**TASK INSTRUCTIONS**
Transcribe all the data below exactly, leaving its pictures out.
DATA EXTRACT Block Start
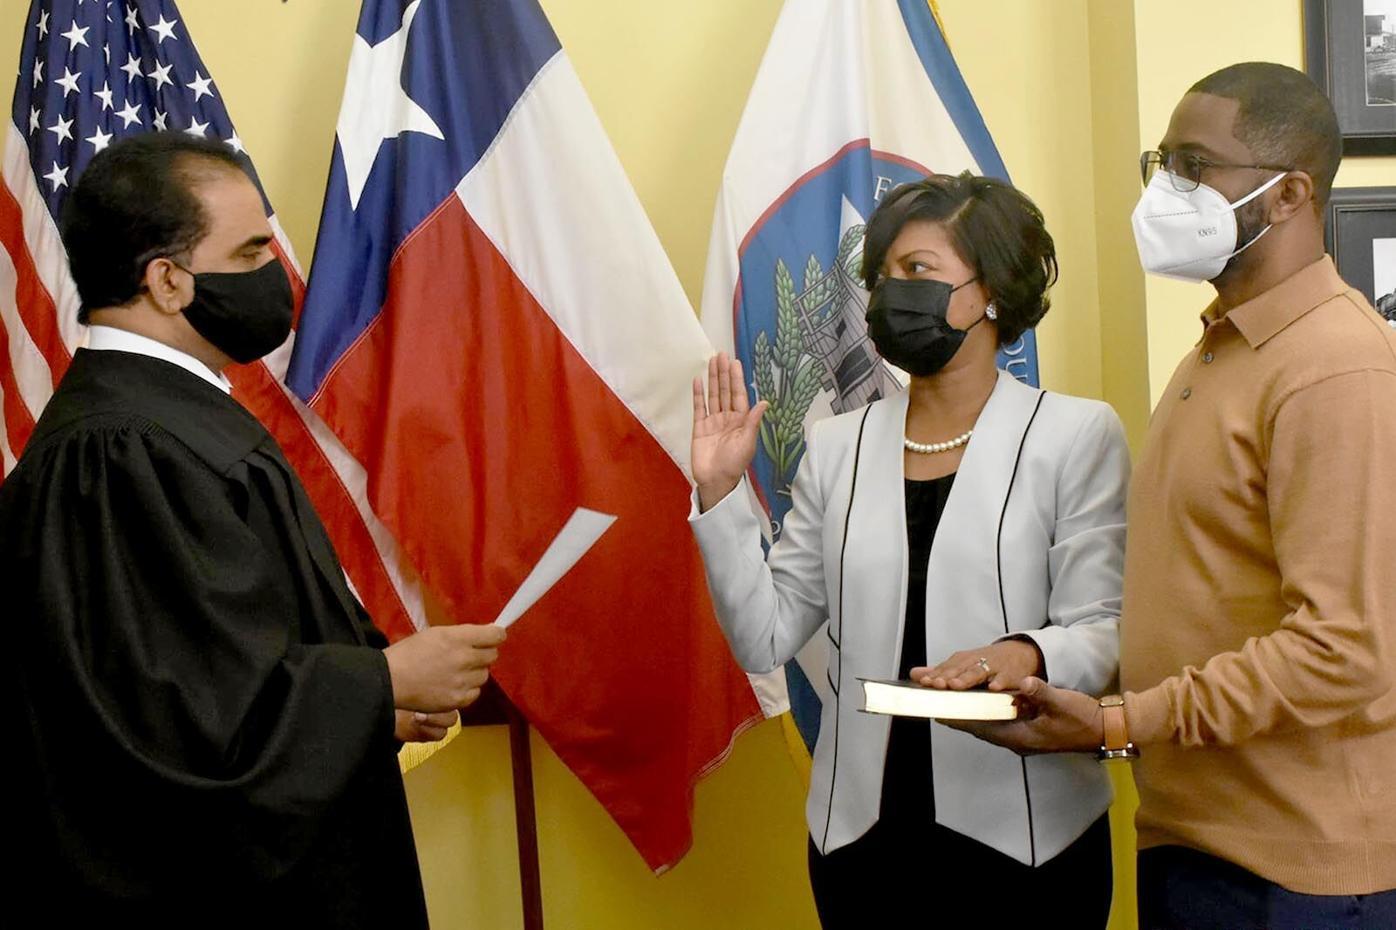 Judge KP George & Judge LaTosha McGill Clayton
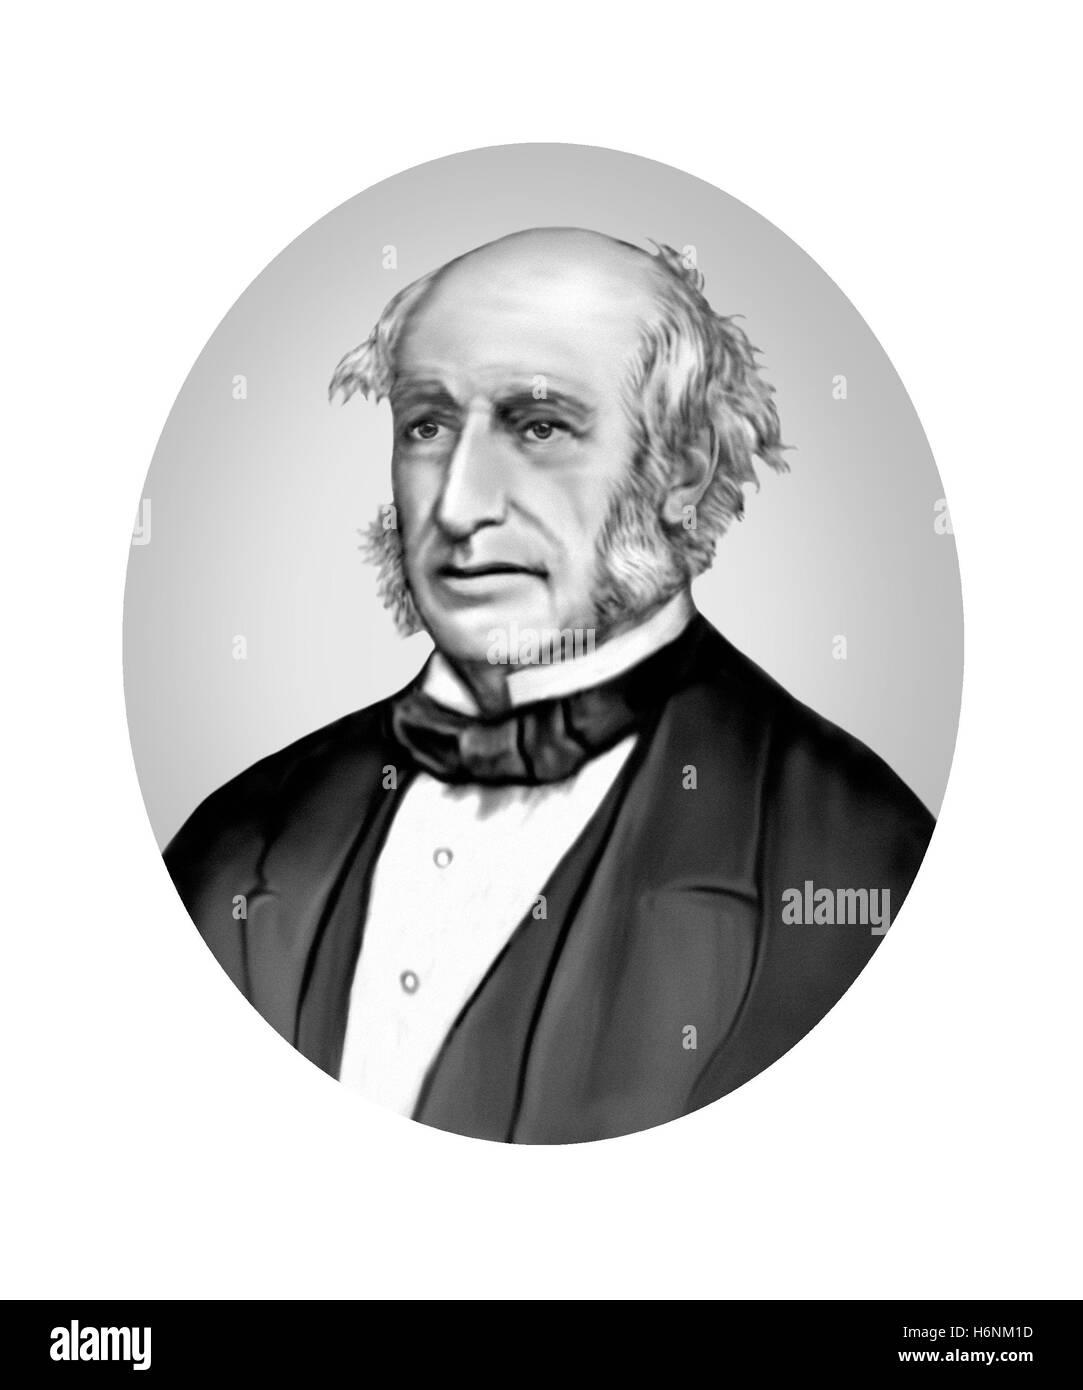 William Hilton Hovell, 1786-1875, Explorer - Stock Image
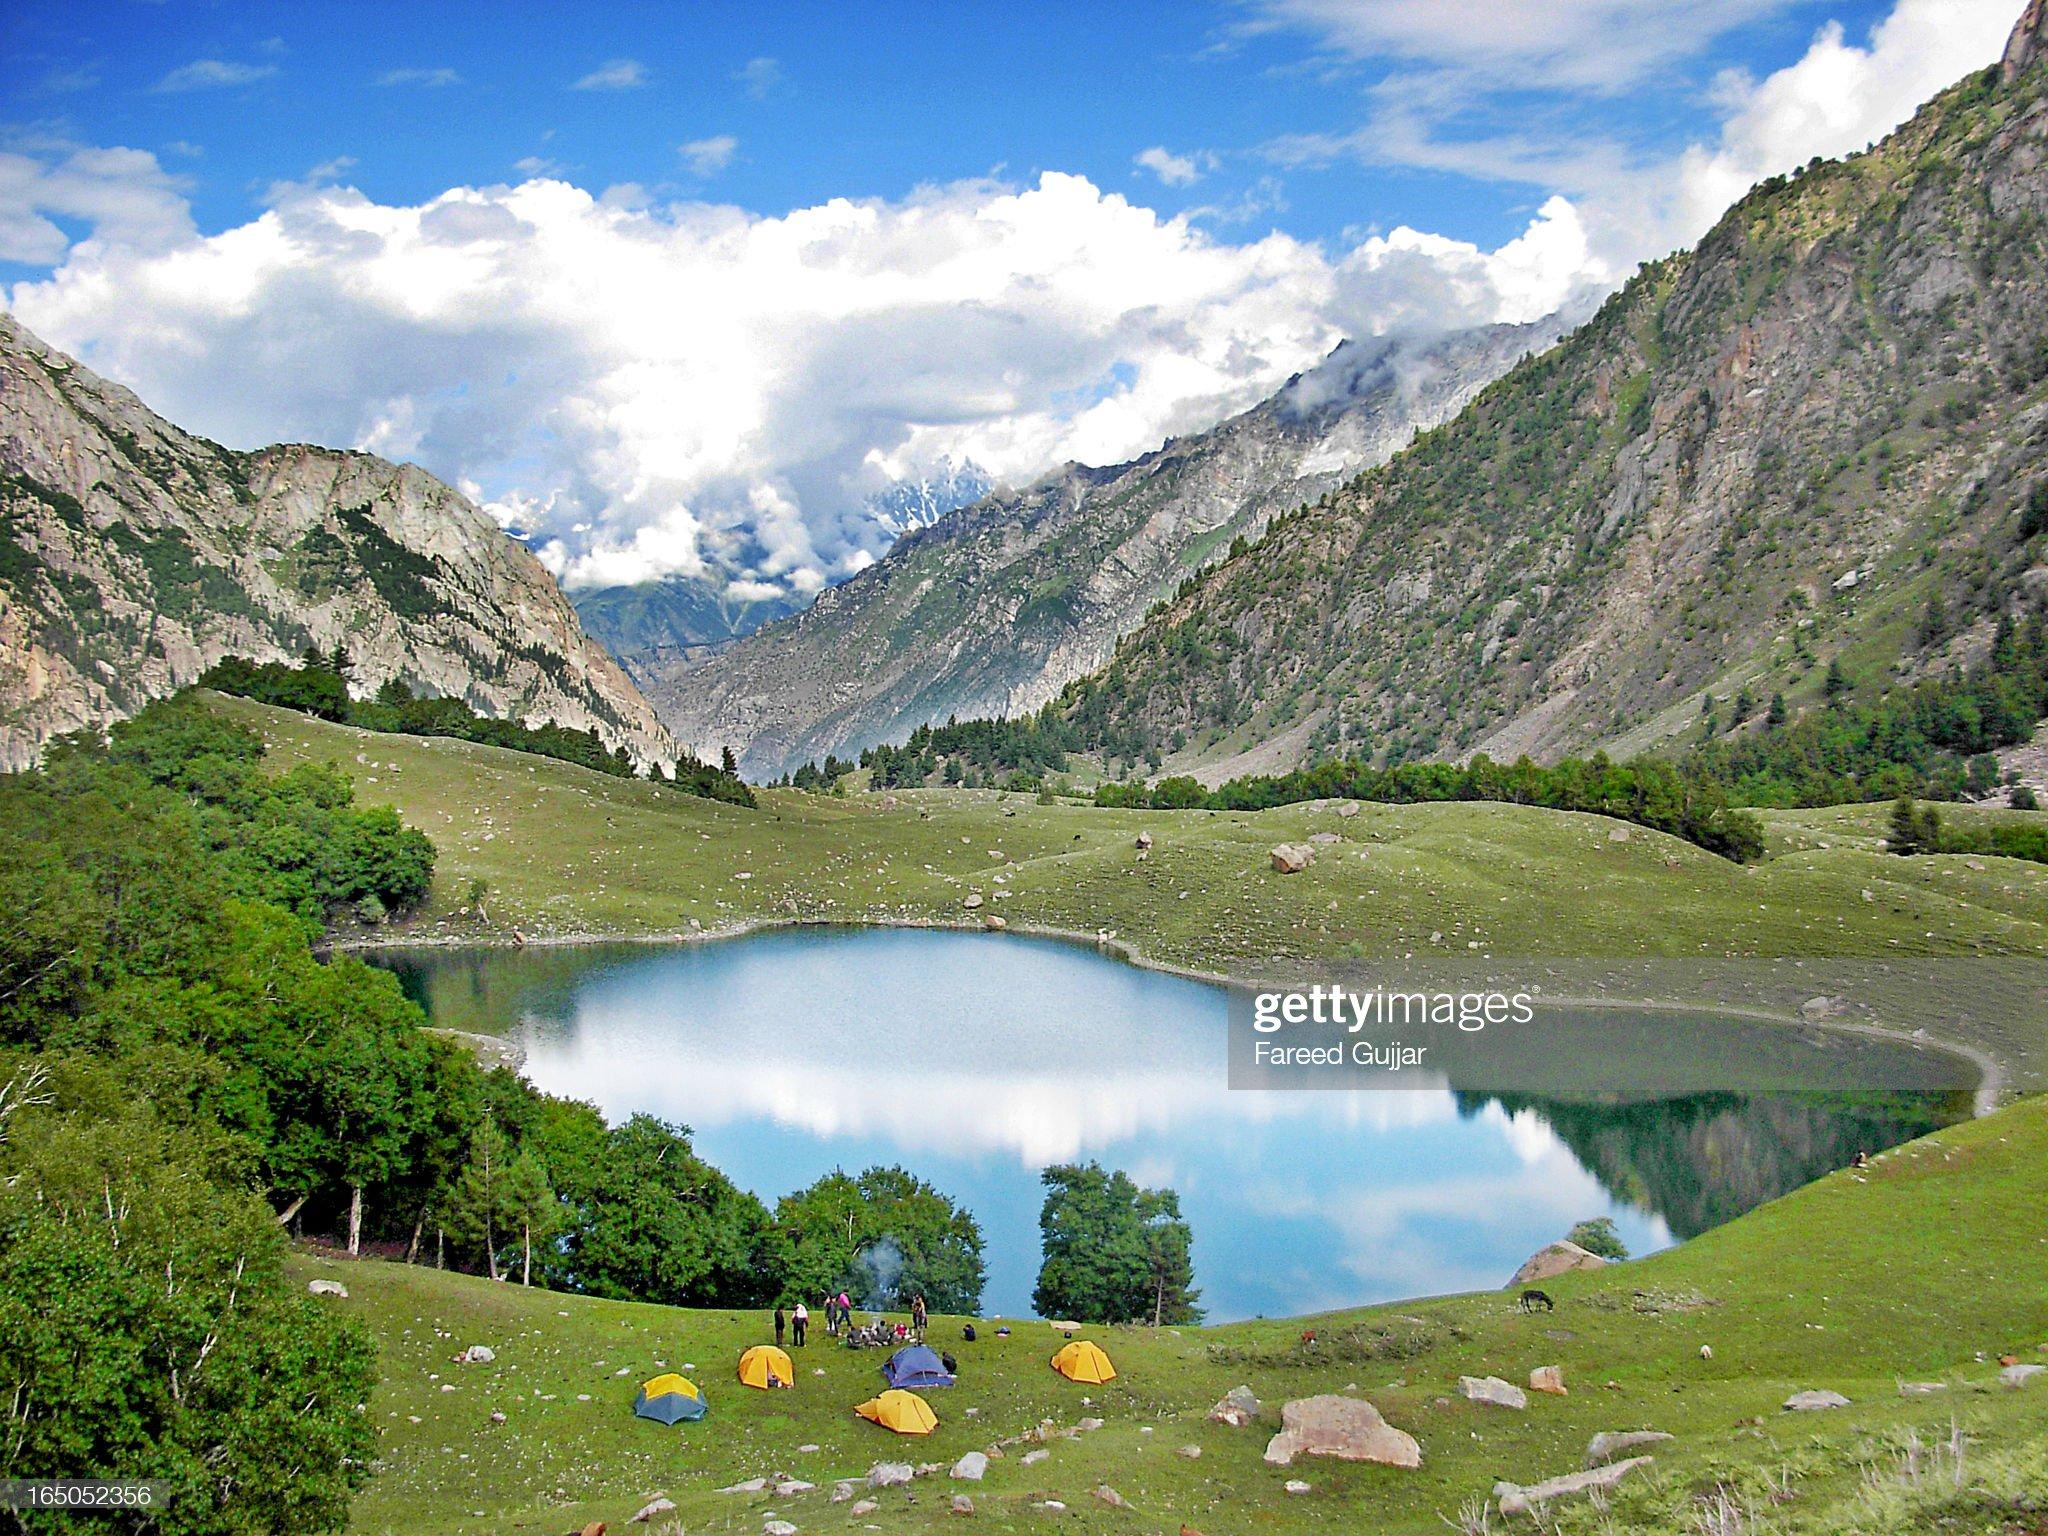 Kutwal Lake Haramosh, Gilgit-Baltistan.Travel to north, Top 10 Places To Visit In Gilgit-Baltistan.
DATA EXTRACT Block End
**PROBLEM SOLUTION**
 Judge KP George & Judge LaTosha McGill Clayton
 William Hilton Hovell, 1786-1875, Explorer - Stock Image
 Kutwal Lake Haramosh, Gilgit-Baltistan.Travel to north, Top 10 Places To Visit In Gilgit-Baltistan.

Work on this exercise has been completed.